Using the pipe as a pry bar, Potulniy manages to undog the upper hatch and climb up the ladder. This compartment is normally used to stow spare equipment for the electronic gear. But all those parts have been used, and the compartment is empty until they put in for a refit and load a new set.
But there is another hatch to the corridor, and Potulniy sets to work on this latching mechanism. It’s a wheel about the diameter of a big dinner plate. Turning it left causes the locking bars to withdraw from the receivers, allowing the hatch to be opened. But the wheel can be dogged down from the outside, making it impossible to turn.
After a minute or two with the pipe, the locking mechanism comes free, and Potulniy is able to turn the wheel.
The locking bars are withdrawn, but the hatch will not open. Something is blocking it, possibly a shoring beam.

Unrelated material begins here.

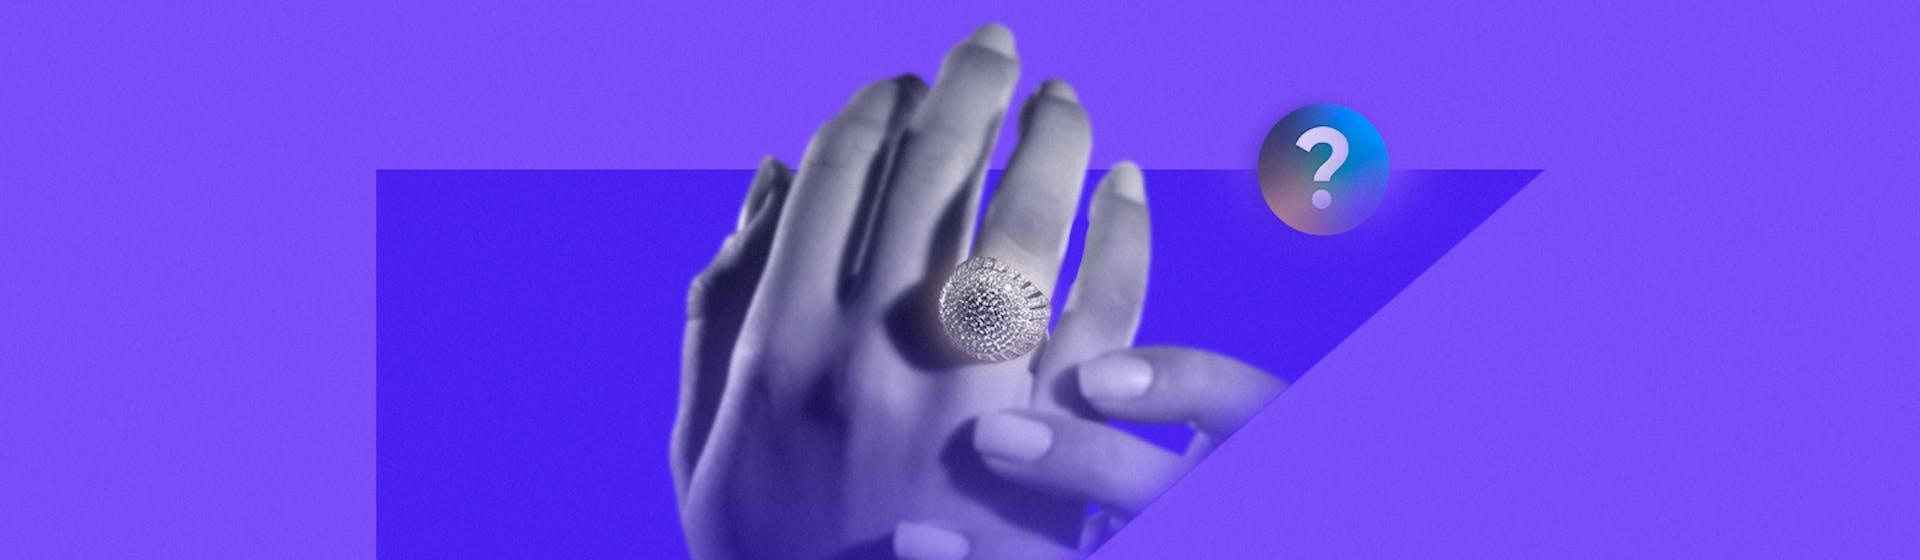 ¿Cómo limpiar joyería de plata? 4 pasos caseros para lucir joyas fancy
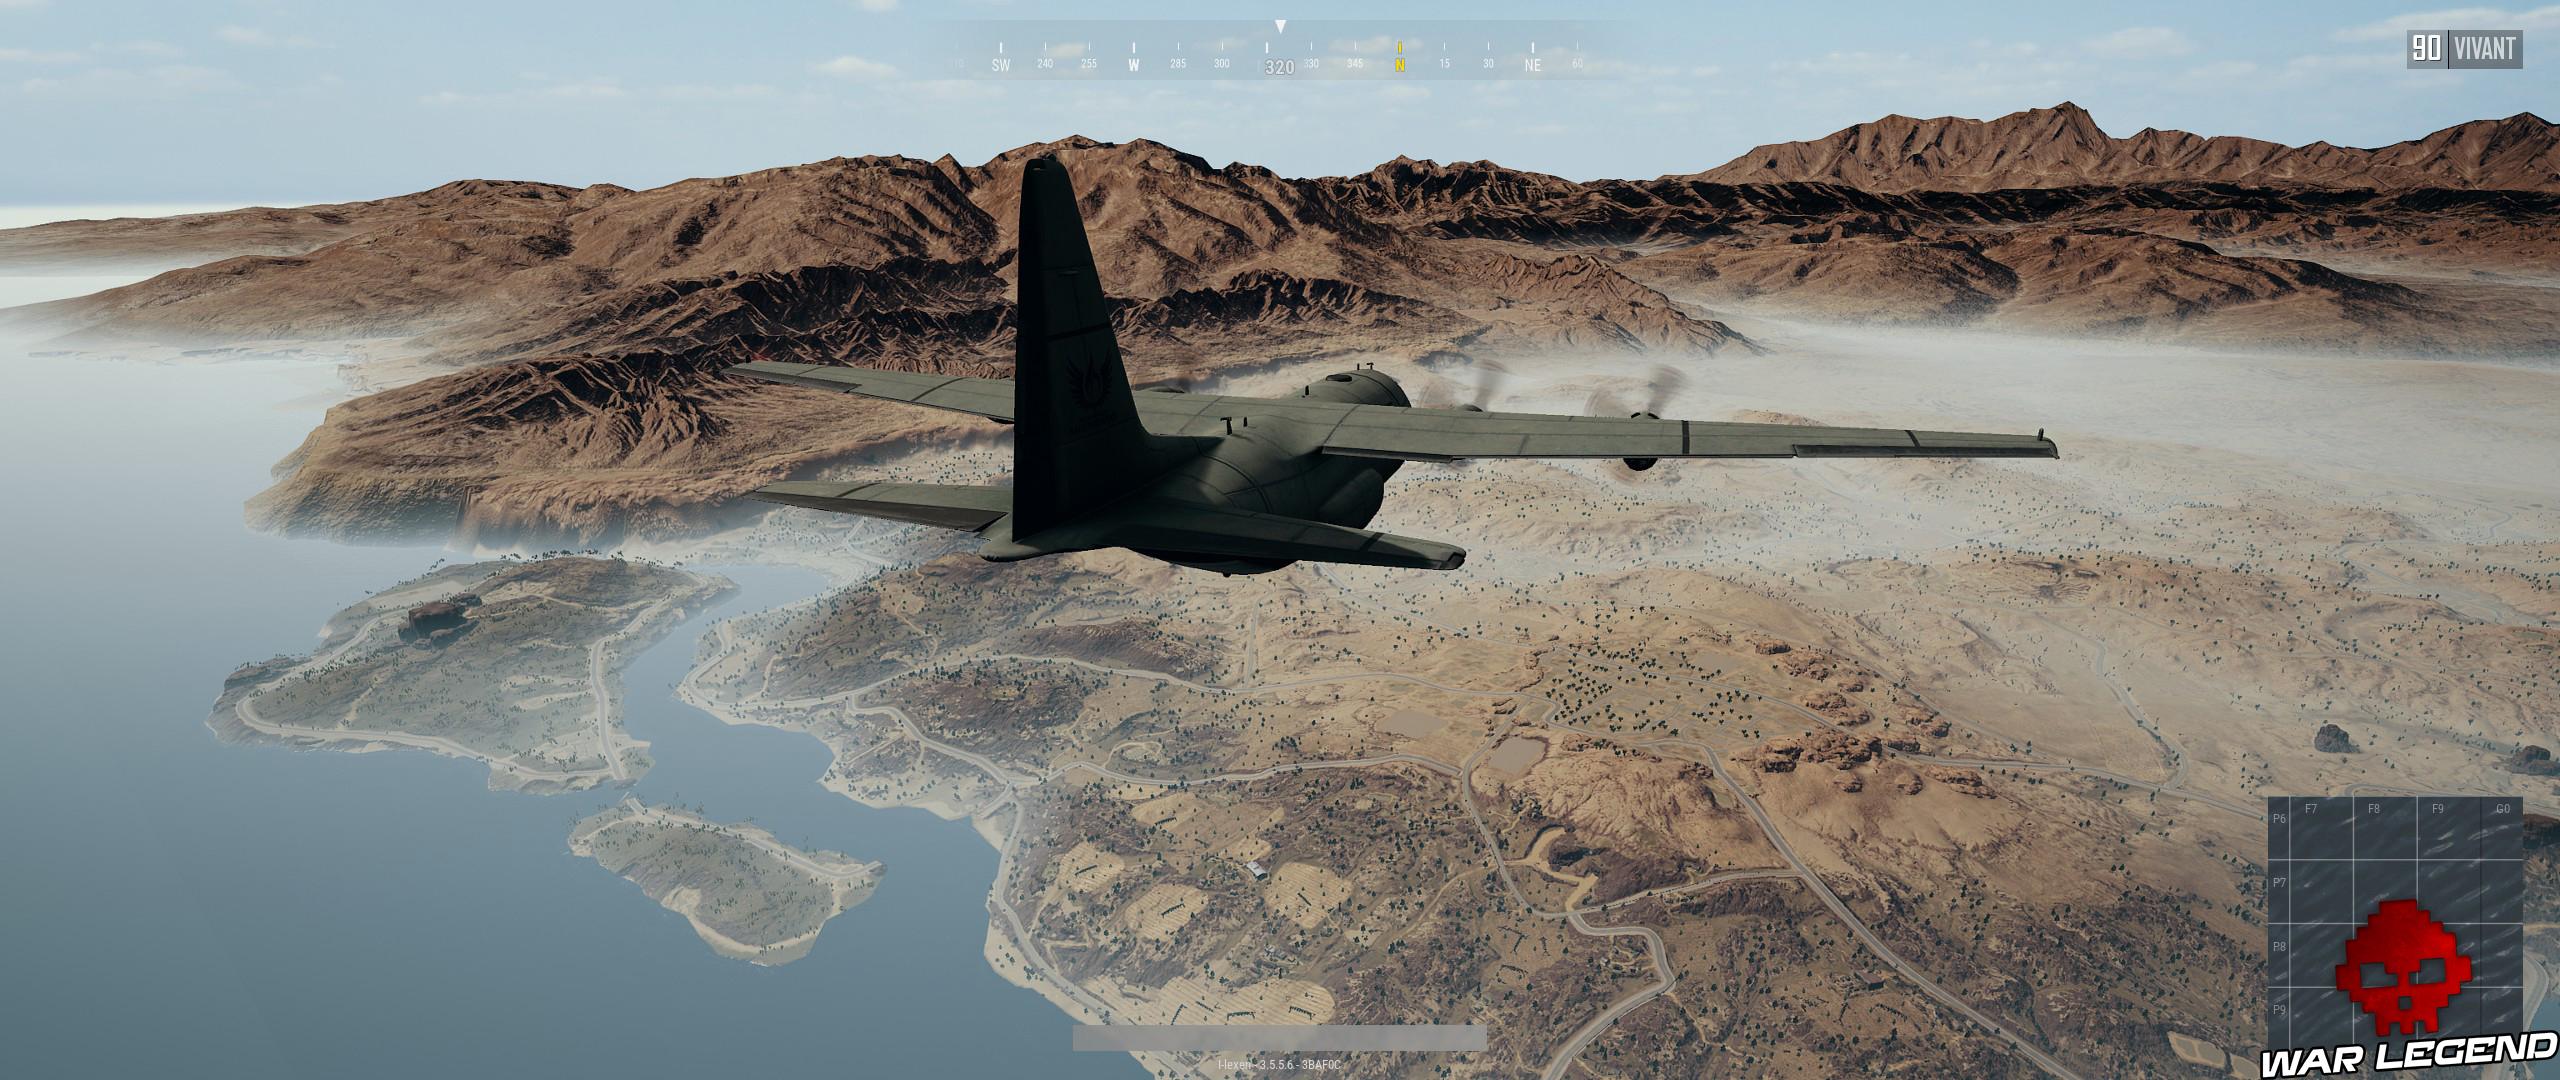 Avions survolant la carte de Miramar PUBG

At that point a nearly overwhelming sense of hopelessness and indignation and even rage threatens to overcome Potulniy. He attacks the door like a madman, smashing the heavy steel pipe against the locking mechanism. The racket makes it nearly impossible to think.
Between blows Potulniy hears someone shouting just outside in the corridor and he stops in mid-swing.
“Captain, you must stop!”
It is Seaman Shein. Potulniy recognizes the kid’s voice from the incident earlier this evening. “Let me out of here!” Potulniy shouts. “That is a direct order from your commander!”
“Sir, I can’t do that.”
Potulniy tosses the pipe aside and puts his shoulder into the hatch.